The primary endpoint was the proportion of patients with positive CGP findings in terms of having clinically relevant genomic alterations in relation to the specific tumor type.

2.5. Statistical Analysis

The data are presented as percentages, medians, and interquartile ranges (IQRs) or means and standard deviations. Binary logistic regression was used to analyze the statistical significance of differences in the odds of the presence of clinically relevant mutations between tumors of different affected organ systems. The false-positive rate was controlled via the Benjamini–Hochberg procedure with false discovery rate (FDR) < 5%. Statistical analysis was conducted via StataCorp 2024 software (Stata Statistical Software: Release 18.5 College Station, TX, USA: StataCorp LLC).

3. Results

3.1. Patients Characteristics

A total of 481 patients were presented at multidisciplinary teams and CGP was performed on their tumors between 1 January 2020 and 31 December 2021. There was an almost equal distribution between the sexes with 202 (42%) males and 279 (58%) females tested. The median age of the patients was 61 years (IQR 49–69). Gastrointestinal and reproductive malignancies were the most common, accounting for 29.1% and 28.9% of all tested tumors, respectively. Specifically, colorectal tumors made up 19.1% of cases, while uterine tumors represented 11.2% (Table 1).

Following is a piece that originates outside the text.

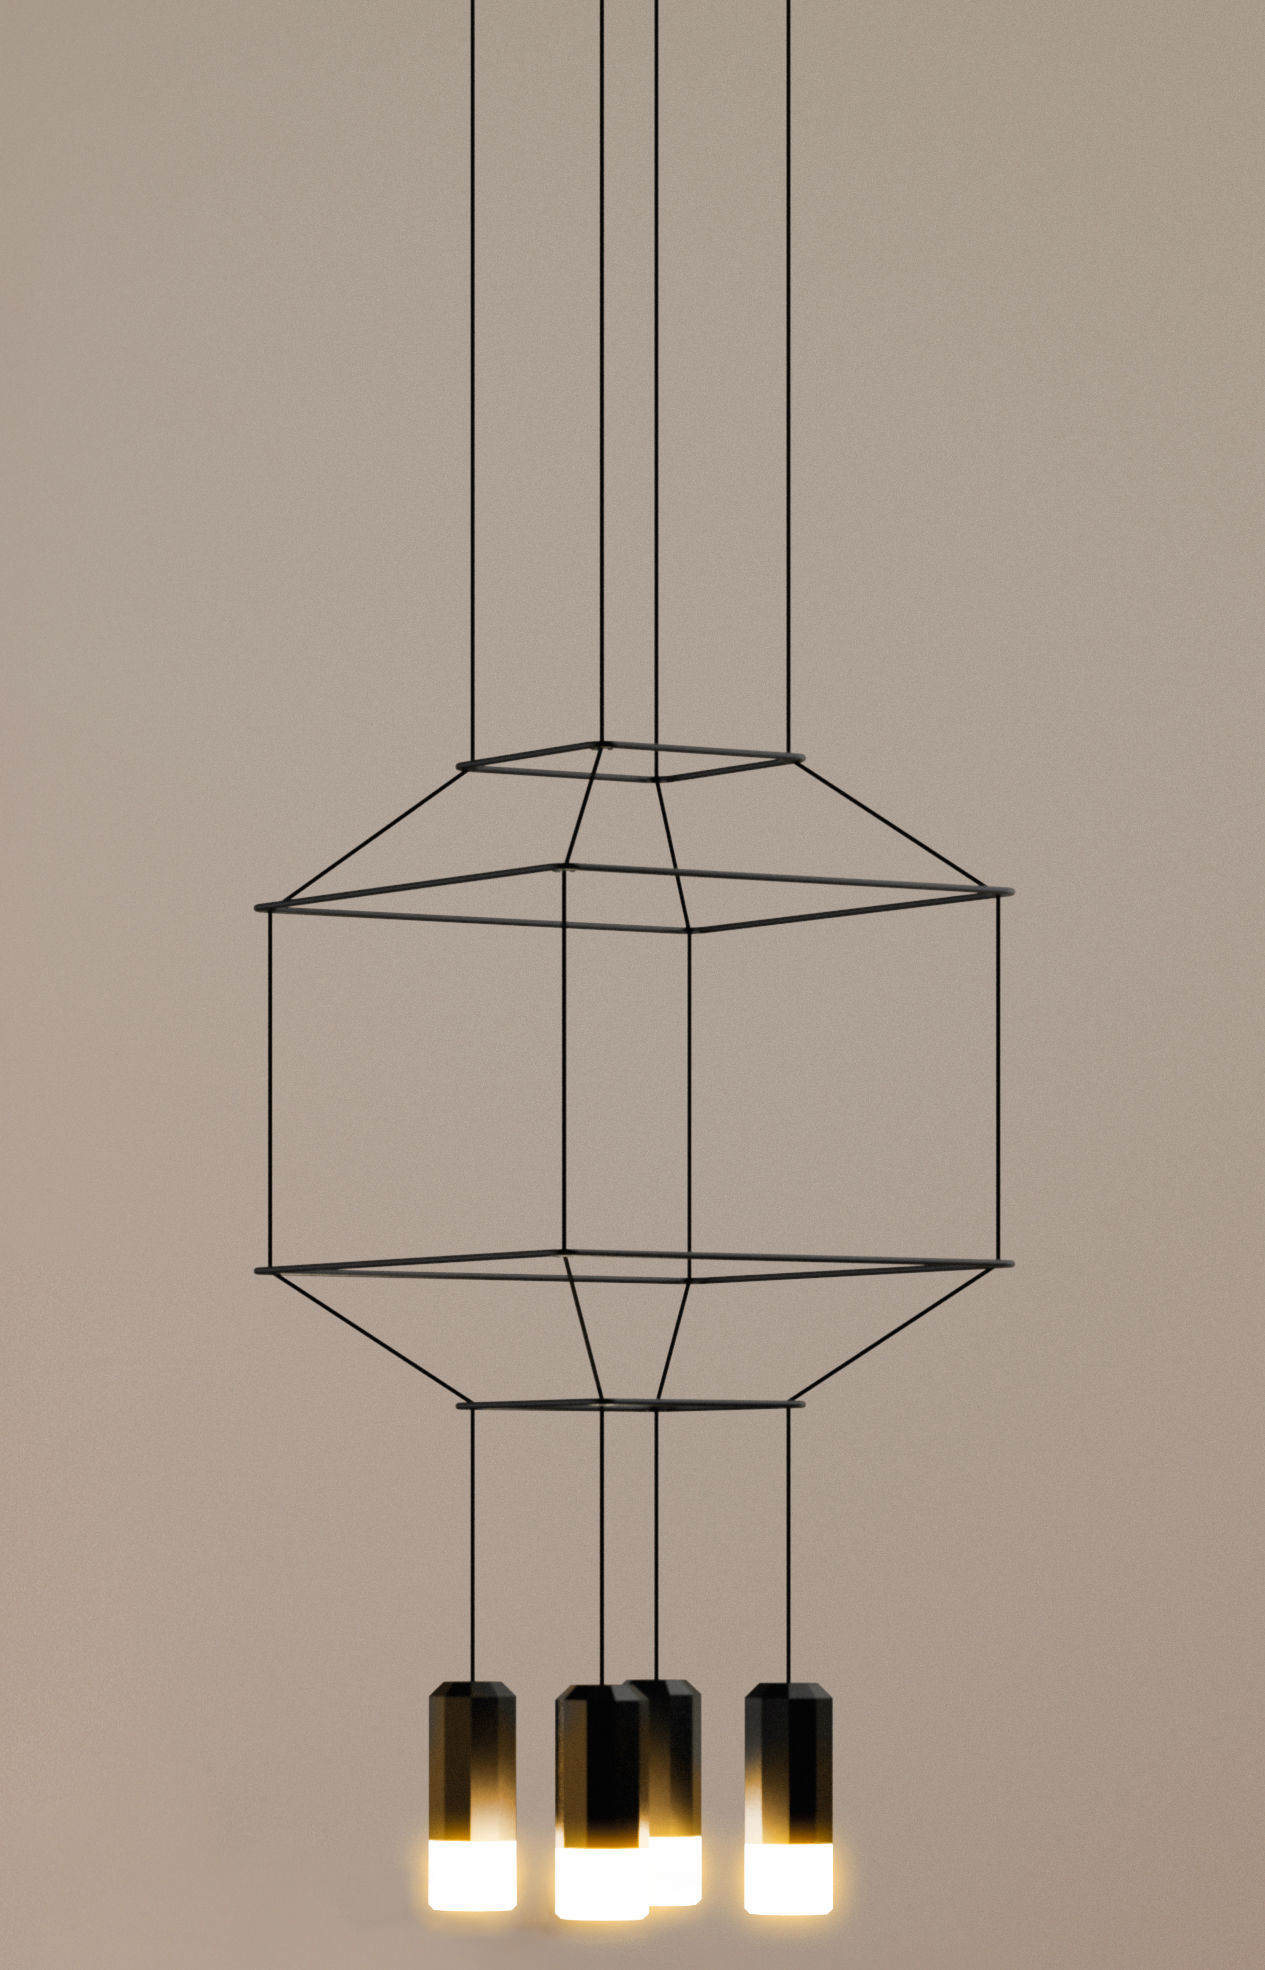 Leuchten - Pendelleuchten - Wireflow Pendelleuchte / 30 x 30 x H 32,5 cm - Vibia - Schwarz - Gewebe, Glas, lackiertes Metall, Teflon

3.2. Results of the CGP Analysis

Genomic testing revealed that more than three-quarters (76.7%) of patients harbored significant mutations, with KRAS mutations representing the most common alteration, occurring in 27.2% of cases (Table 2). The next most common clinically relevant alterations were those in the phosphatidylinositol-4,5-bisphosphate 3-kinase catalytic subunit alpha (PIK3CA), androgen receptor (AR), neuroblastoma RAS viral oncogene homolog (NRAS), and phosphatase and tensin homolog (PTEN) genes, which were found in 12.9%, 10.6%, 10.4%, and 9.1% of patients, respectively.
Conversely, clinically non-relevant mutations were found in 81.5% of patients, with the tumor protein P53 (TP53) (42.8%) mutation being the most common (Supplementary Table S1). The next most prevalent alterations without clinical significance were those in adenomatous polyposis coli (APC), cyclin-dependent kinase inhibitor 2A (CDKN2A), AR, and NRAS genes, which were found in 15.6%, 9.8%, 8.9%, and 8.3% of patients. Compared to the gastrointestinal system, the genitourinary, respiratory, musculoskeletal, endocrine, and head and neck primary tumor sites have significantly lower odds of clinically relevant mutations (Table 3). These findings suggest that certain organ systems may have a lower prevalence of clinically relevant mutations, which could impact clinical management and the research directions in precision oncology.

3.3. Uptake of the CGP

According to the Croatian Cancer Registry, there were 26,709 (13,138 in 2020 and 13,571 in 2021) cancer-related deaths during the investigated two-year period; combining this information with the CGP selection criteria valid at that time, there was an estimated population of approximately 13,350 potentially eligible patients for CGP analysis, indicating that only 3.7% of potentially eligible patients were tested (Table 4).

4. Discussion

Undoubtedly, precision oncology is the present and future of oncology, and CGP is of the utmost importance for its applicability in everyday clinical practice. The true value of the precision oncology concept has been tested in numerous clinical trials, and many more studies are currently being conducted. Even though trials such as SHIVA or some of the cohorts from the TAPUR trial have had negative results regarding the outcomes of targeted therapies matching the genomic alterations, by addressing their limitations and obstacles, they have influenced future trial designs [26]. Moreover, other studies, such as IMPACT, IMPACT2, or other cohorts from the TAPUR study, have shown the benefits of a tailored treatment and have promoted these therapies as potentially better treatment options than conventional therapies [26]. Throughout the evolution of these trials, multiple important issues have been addressed, such as the limitations of the tumor tissue used for the analysis, the matter of which tissue should be tested, delays in the process of testing, interpretations of the results, the selection of the appropriate treatment, particularly in the case of multiple genomic alterations (single agent versus combinational treatment), the procurement of the treatment, and many others [26].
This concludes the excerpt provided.